For example, Empson determined fairly early in his career that “all” was a pet word of Milton’s, and he pursued this notion through various formulas; but what was special about Milton’s use of “all”—common to all the dramatic contexts in which he used the word, and different from the way in which other poets used it—never came clear. One notes, by the way, that Donne in “Lovers’ Infiniteness” uses the word ten times in thirty-three lines, each time giving it a strong emphasis. If Milton did give the word some special inflection of thought or feeling, it might have been brought out in close comparison with such a poem.
On the other hand, when Empson called attention to Donne’s fondness for the idea of another world, another sphere, a fresh spiritual dispensation, it’s an insight that needs no elaboration; it changes instantly the emphasis with which one reads not only passages like the one on his mistress going to bed (“Oh my America, my new found land!”) but a crux like that in the last stanza of “The Relic”:
Our hands ne’er touched the seals,
Which nature, injured by late law, sets free.
Seven Types of Ambiguity is never altogether safe to read; one is constantly being carried off into speculations of one’s own, sometimes on the basis of a passage misquoted from Empson’s teeming memory, or in response to some other critic whose position has been seen only in part and askance. Empson wasn’t much interested in the plebeian sort of accuracy; but his mind worked at very high tension on the problems that concerned it—graduate students can, and doubtless will, clean up the details. I have heard that at least one highly respected physicist used to admit cheerfully that his mathematics wasn’t all that good; his gift was for insights, and he was glad to let other people work out the details. So, in many ways, William Empson, even as a young man.
The key to Seven Types, and to a good deal of Empson’s later writing as well, seems to me a sentence, half flip, half serious, in the preface to the second edition: “My attitude in writing [the book] was that an honest man erected the ignoring of ‘tact’ into a point of honor.” The single quotes around the word “tact” in this sentence enclose a large expanse of critical real estate. Before he has proceeded much further into the argument, Empson is found saying, “It is the essential discipline of the language that our elaborate reactions to a word are called out only by the word itself, or what is guessed to be the word itself; they are trained to be very completely inhibited by anything near the word but not quite right.” Whether this inhibition (which could also be called tact, without any quotation marks at all) is good or bad, he leaves ambiguous; but all the zest of his work goes into stripping it off and seeing what wonderful possibilities open up then. The fourth line of Shakespeare’s sonnet 73, “Bare ruined choirs where late the sweet birds sang,” is unlikely ever again to read as sparsely as it did before Empson parsed out the elements of the imagery.

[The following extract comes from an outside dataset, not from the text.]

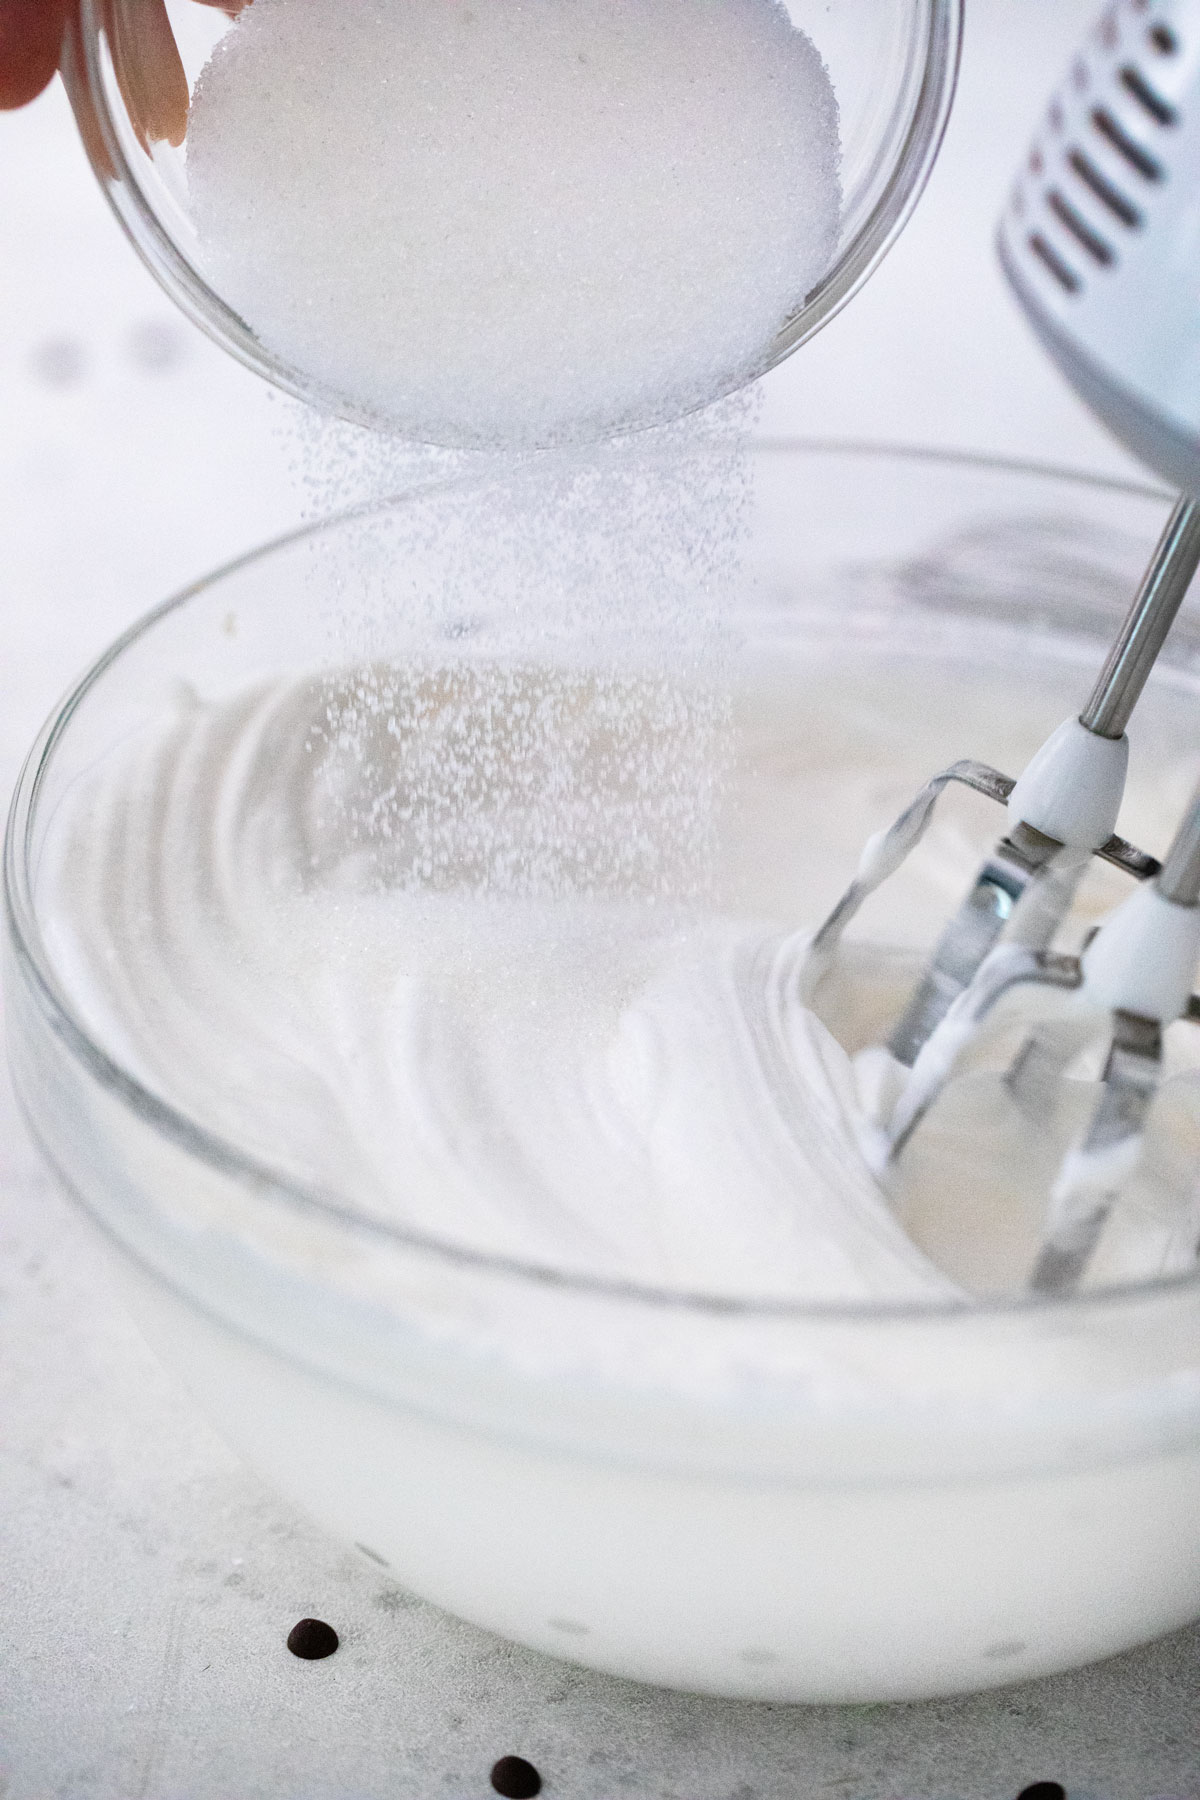 Sugar being poured into egg white mixture in a glass bowl with an electric mixer in action.

The metaphor holds, he says, because:
ruined monastery choirs are places in which to sing, because they involve sitting in a row, because they are made of wood, are carved into knots and so forth, because they used to be surrounded by a sheltering building crystallised out of the likeness of a forest and colored with stained glass and painting like flowers and leaves, because they are now abandoned by all but the grey walls colored like the skies of winter, because the cold and Narcissistic charm suggested by choir-boys suits well with Shakespeare’s feeling for the object of the Sonnets, and for various sociological and historical reasons (the protestant destruction of monasteries; fear of puritanism), which it would be hard now to trace out in their proportions.
Such possibilities are wonderful, no doubt about it; but it’s not hard to think of others that are less so. The suggestion that when George Herbert wrote in “The Sacrifice,”
Oh all ye who pass by, behold and see;
Man stole the fruit, but I must climb the tree,
The tree of life to all but only me.
Was ever grief like mine?
he intended to imply that Christ in mounting the cross was stealing the apple and symbolically committing incest—that suggestion ought not to be accepted without seeing what Rosemond Tuve had to say against it.
The aesthetic implications of his work were something about which Empson had, from the first, to be a little dodgy. He wrote mostly about pieces of poetry he particularly admired, and his aim (correct to the point of being commonplace) was to say what made it admirable. (The analogy he makes to the dealings of a dog with a flower is one of the funniest passages in a book distinguished among critical books by being a lot of fun: “Critics, as ‘barking dogs,’…are of two sorts: those who merely relieve themselves against the flower of beauty, and those, less continent, who afterwards scratch it up.”) But ambiguity as a concept had a dynamic of its own, which could not be reduced to serve a merely aesthetic point. Going far beyond and outside William Empson, it has now expanded to the point of declaring—rather comically, some think—that nobody can communicate with anybody, no text can possibly be so explicit as to be univocal.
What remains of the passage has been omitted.